Budget & Tax, Education, Higher Education

Free Market Friday: Tax hike unwise

December 12, 2015

Jonathan Small

The proposal by University of Oklahoma President David Boren to boost the state sales tax to increase government spending on common education, higher education, CareerTech and preschool has drawn considerable discussion.

What might happen if the sales tax increase is approved? Well, for starters, most Oklahoma communities would have some of the highest sales tax rates in the nation. Under the petition’s proposal, Oklahoma’s state sales tax rate would be 5.5 percent. Add the 4 percent or more levied by most cities and buying something in Bethany (combined 9.5-percent sales taxes) would cost more than in Manhattan (8.875 percent.)

But there are other pitfalls in depending on a sales tax to increase education funding.

First, think about local merchants. As Oklahoma’s highest-in-the-nation sales tax rate drives more consumers to shop online, revenues at local stores are likely to steadily decline.
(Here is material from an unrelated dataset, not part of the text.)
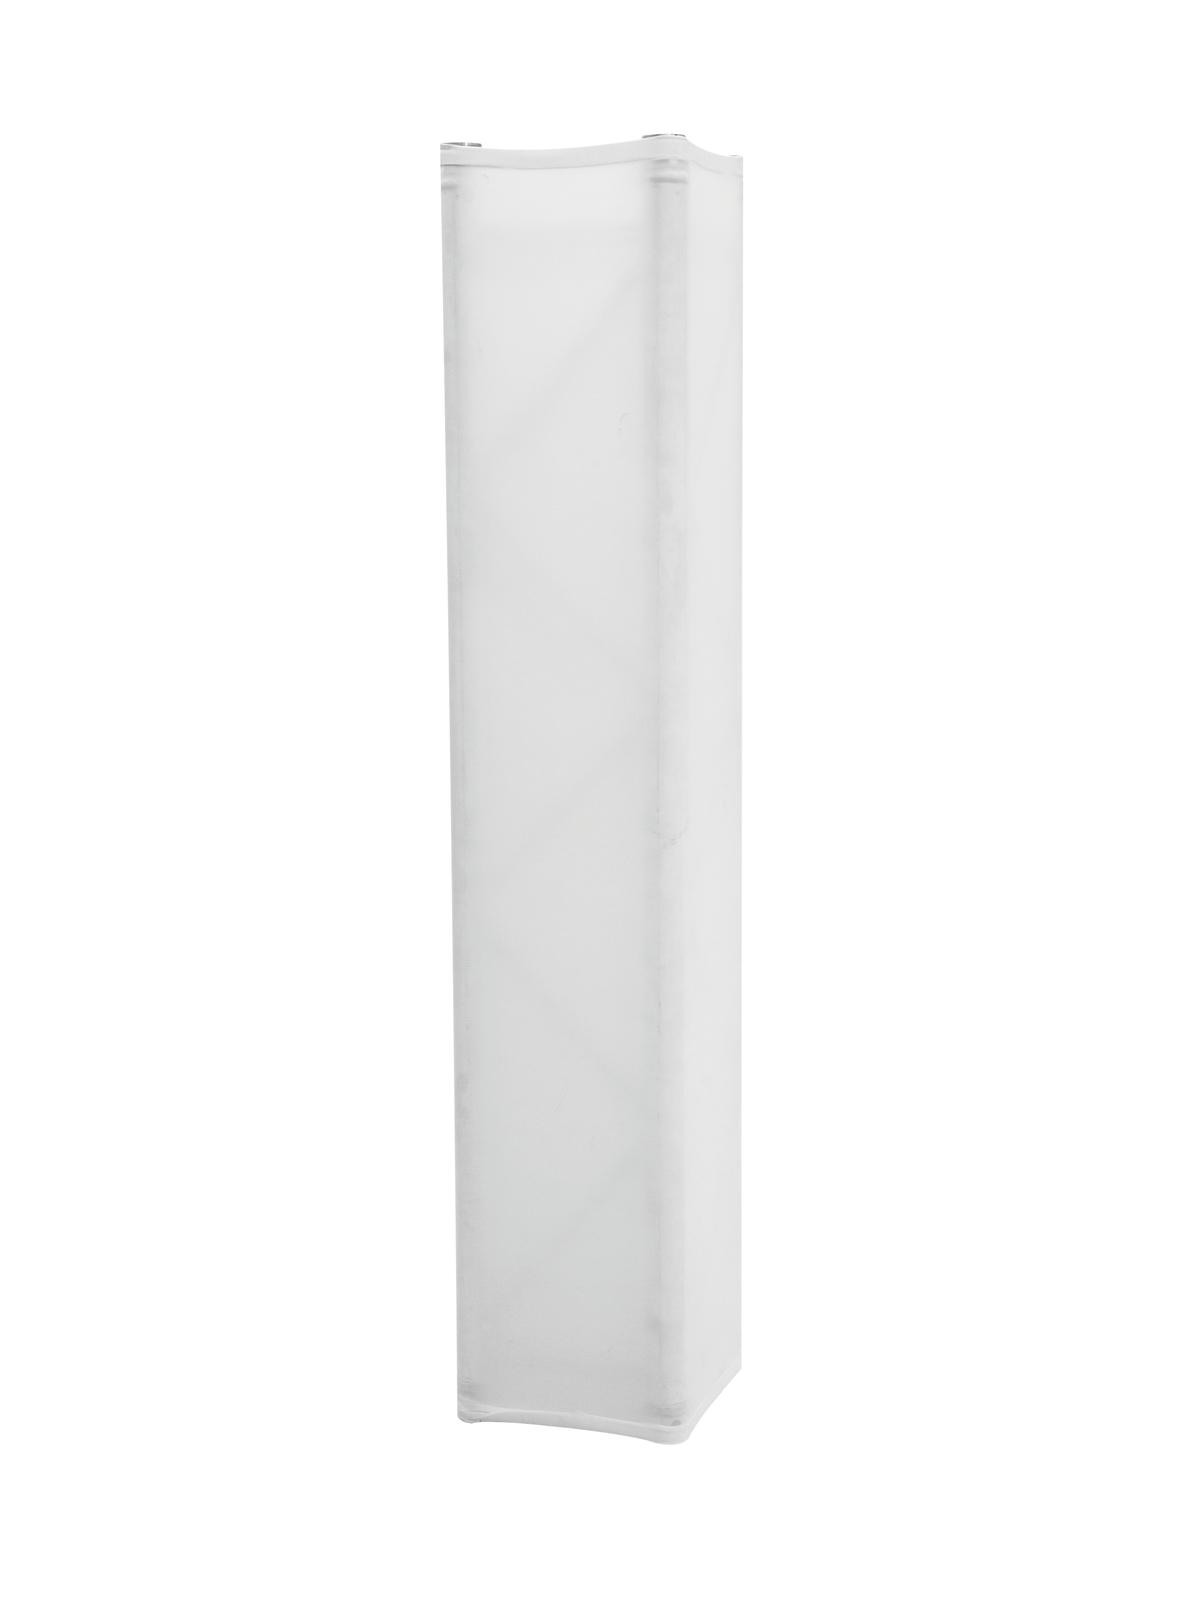 Kryt elastický pro konstrukci 200cm, bílý
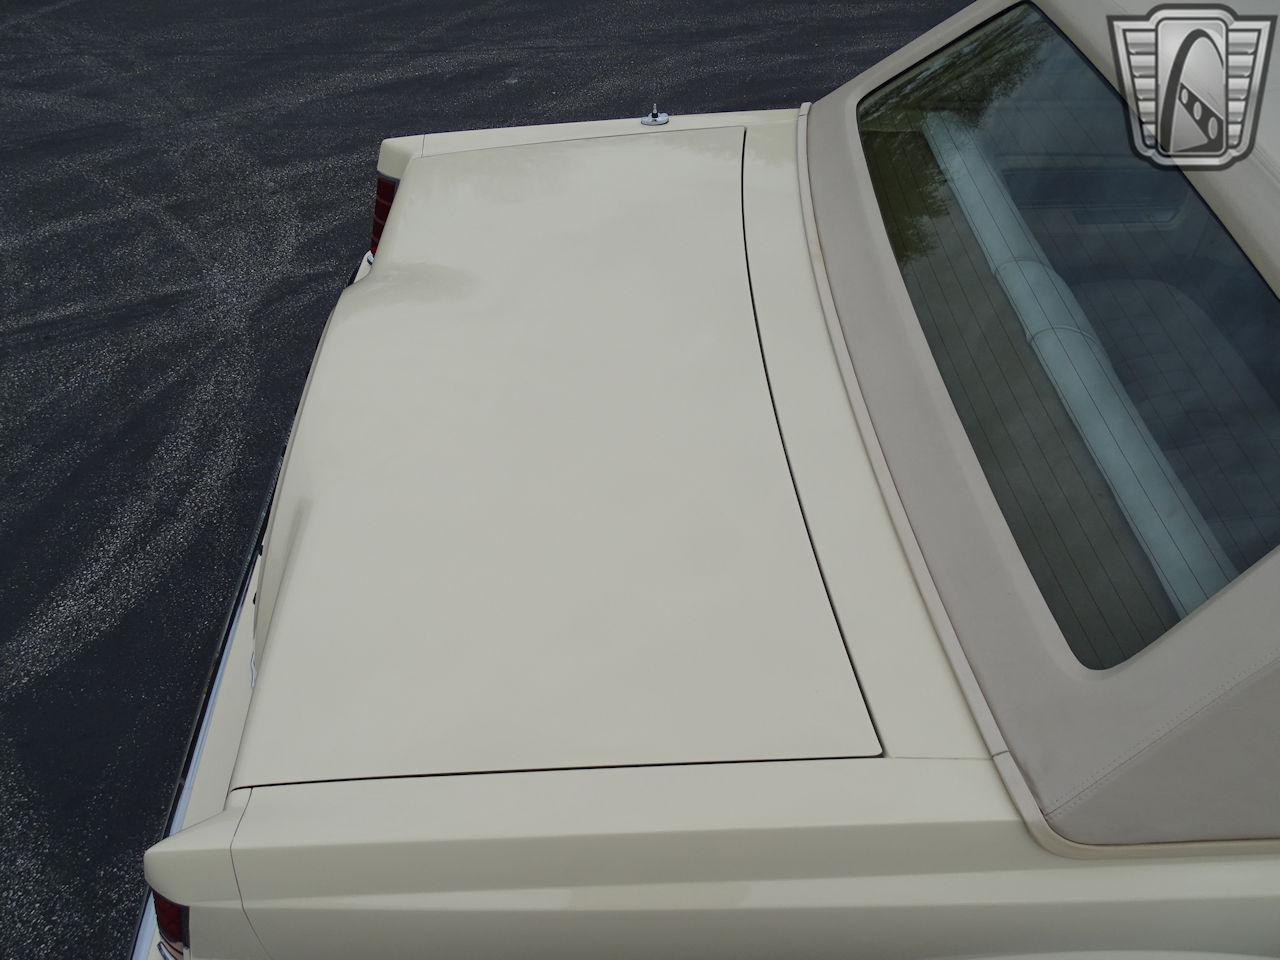 1983 Lincoln Continental 4

“We are already being hurt tremendously by Internet sales,” said Tulsa Mayor Dewey Bartlett.

The Boren tax increase will exacerbate the problem. That is without question. Bartlett and numerous cities are so concerned about the problems with the proposal that Bartlett and the Oklahoma Municipal League have filed amicus briefs to support OCPA Impact’s constitutional challenge of the proposed ballot initiative.

Second, economists Scott Moody and Wendy Warcholik point to another way the tax hike will hurt small businesses.

“According to a recent study from the Council on State Taxation, 47 percent of the current sales tax is paid by businesses when they invest,” they write. “By taxing investment, Oklahoma would create fewer job opportunities for future graduates.”

Third, according to the petition, 60 percent of revenues would flow to schools to increase teacher pay by $5,000 per year. That sounds good, but a pay raise this year requires a steady revenue stream to maintain those higher salaries. Given the onerous requirements the proposal imposes on future legislative appropriations, other core areas of government would be cut significantly to fund the additional spending increases mandated by the proposal.

The vast majority of Oklahomans agree that teachers have earned a significant pay raise. But hiking taxes to fund raises is a risky and damaging proposition. Fortunately, my colleagues have identified hundreds of millions of dollars in annual savings in state spending that would fund those raises, with no tax increase at all.